First of all, just to make it clear; just because a server returns a response body with an internal URL doesn’t necessarily mean it will be available on that server. It is one thing that your templates produce the correct URL to a media file and another thing that your server actually serves that resource on that URL. Django development server doesn’t automagically serve media files.

Settings

There are three settings to get right: MEDIA_ROOT, MEDIA_URL and ADMIN_MEDIA_PREFIX. MEDIA_ROOT is the absolute filesystem path where your media files are. I usually set it like:

MEDIA_ROOT = os.path.join(
    os.path.abspath(os.path.dirname(__file__)),
    'media',
)

This will set MEDIA_ROOT to point to the media directory in your project directory. MEDIA_URL and ADMIN_MEDIA_PREFIX are URL’s:

MEDIA_URL = '/media/'
ADMIN_MEDIA_PREFIX = '/media/admin/'

With this setup, to serve admin media in production, all I need to do is to symlink media folder of admin app into my media directory. Of course you can set MEDIA_URL to point to another domain/subdomain.
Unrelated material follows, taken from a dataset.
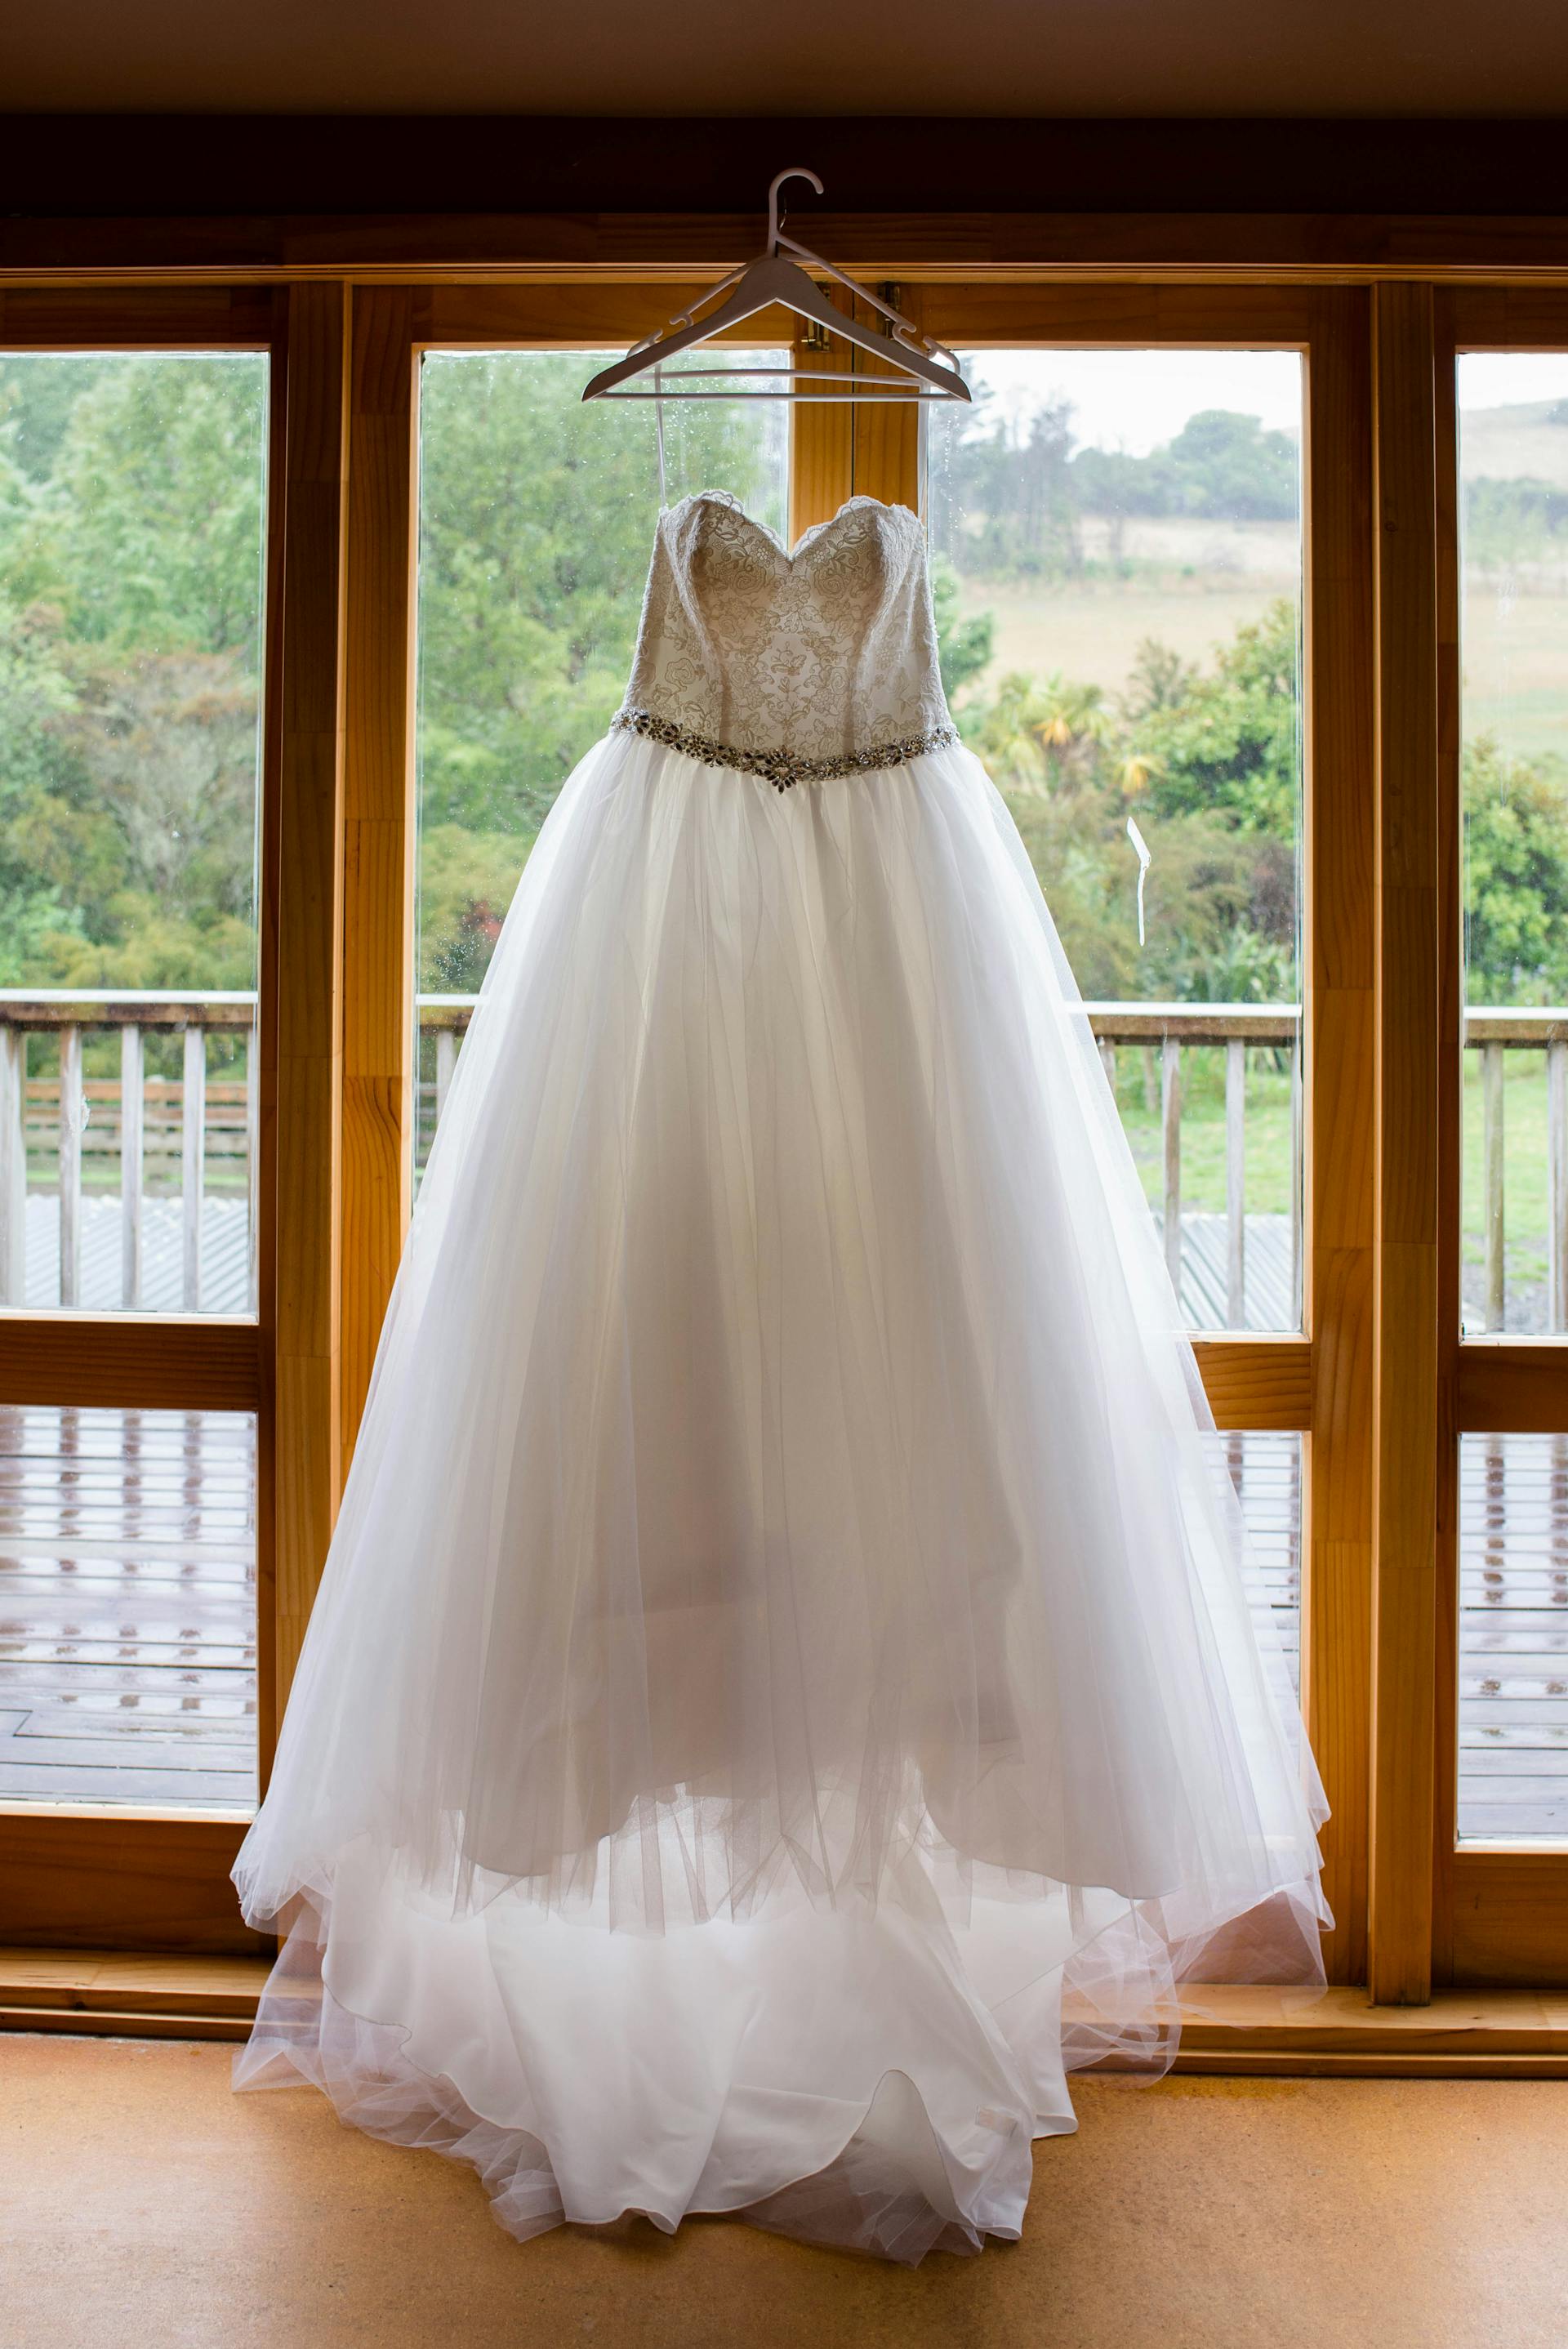 Une robe de mariée suspendue à la fenêtre | Source : Pexels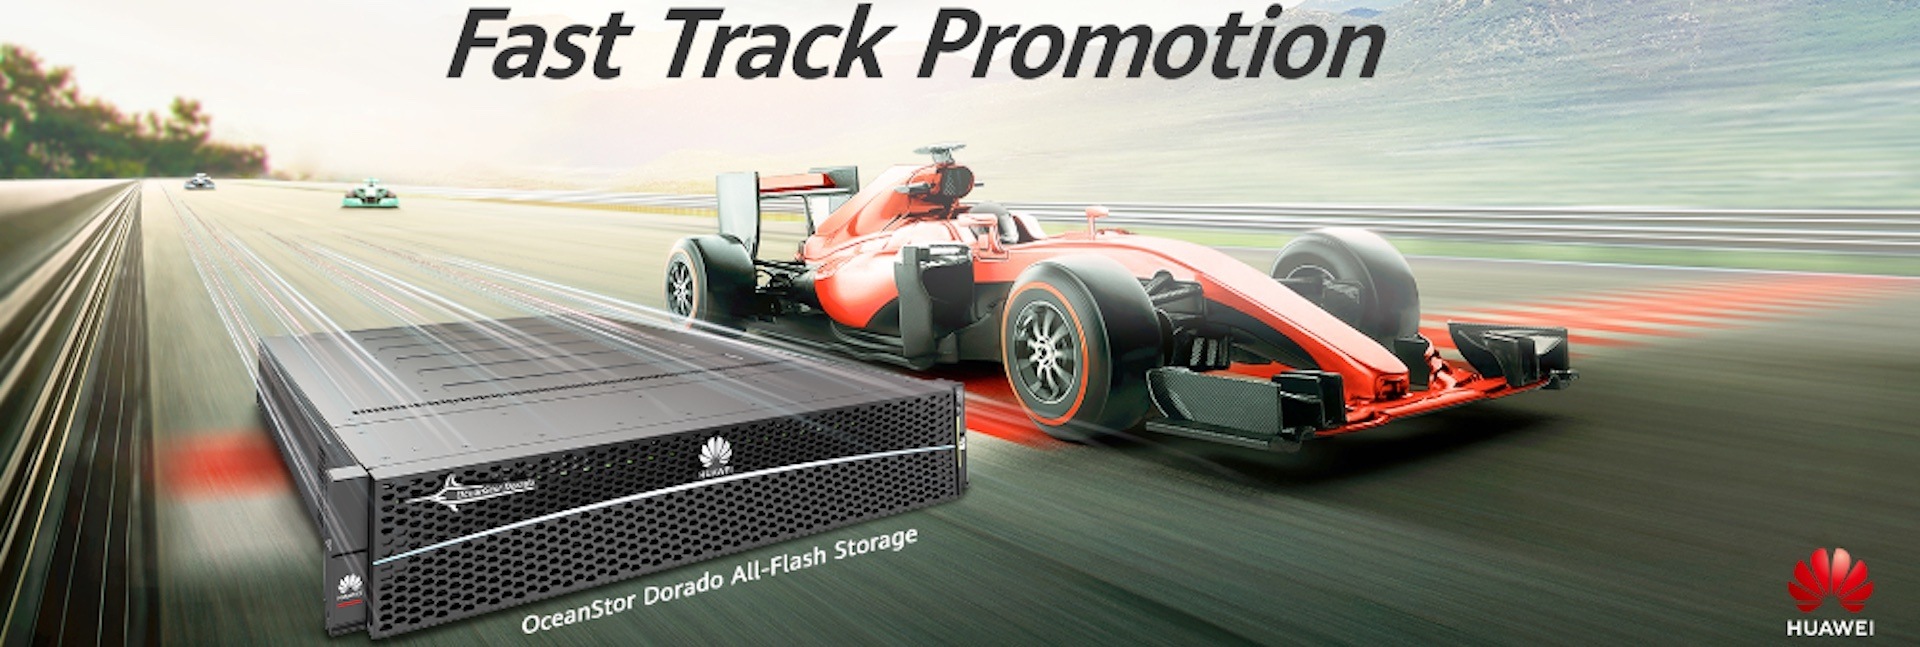 fast track promotion desktop

Such as http://media.mydomain.com/. But this way you can’t serve your media from development server.

URL Configuration

Add the following code snipplet at the end of your root urls.py

if settings.DEBUG:
    from django.views.static import serve
    _media_url = settings.MEDIA_URL
    if _media_url.startswith('/'):
        _media_url = _media_url[1:]
        urlpatterns += patterns('',
                                (r'^%s(?P<path>.*)$' % _media_url,
                                serve,
                                {'document_root': settings.MEDIA_ROOT}))
    del(_media_url, serve)

settings.DEBUG == True doesn’t necessarily mean development server is running. But it is a good indicator since deploying with development server is not a good idea for many reasons. Notice here we don’t serve media unless MEDIA_URL is an absolute URL on our server.

Templates

Finally we need to specify media URL’s correctly. To avoid hard-coding media path we will be using {{ MEDIA_URL }} context variable in our templates. To have {{ MEDIA_URL }} included automatically in each template we need to do two things:

  1. Make sure you have django.core.context_processors.media in your TEMPLATE_CONTEXT_PROCESSORS.
  2. Make sure each view is using a RequestContext.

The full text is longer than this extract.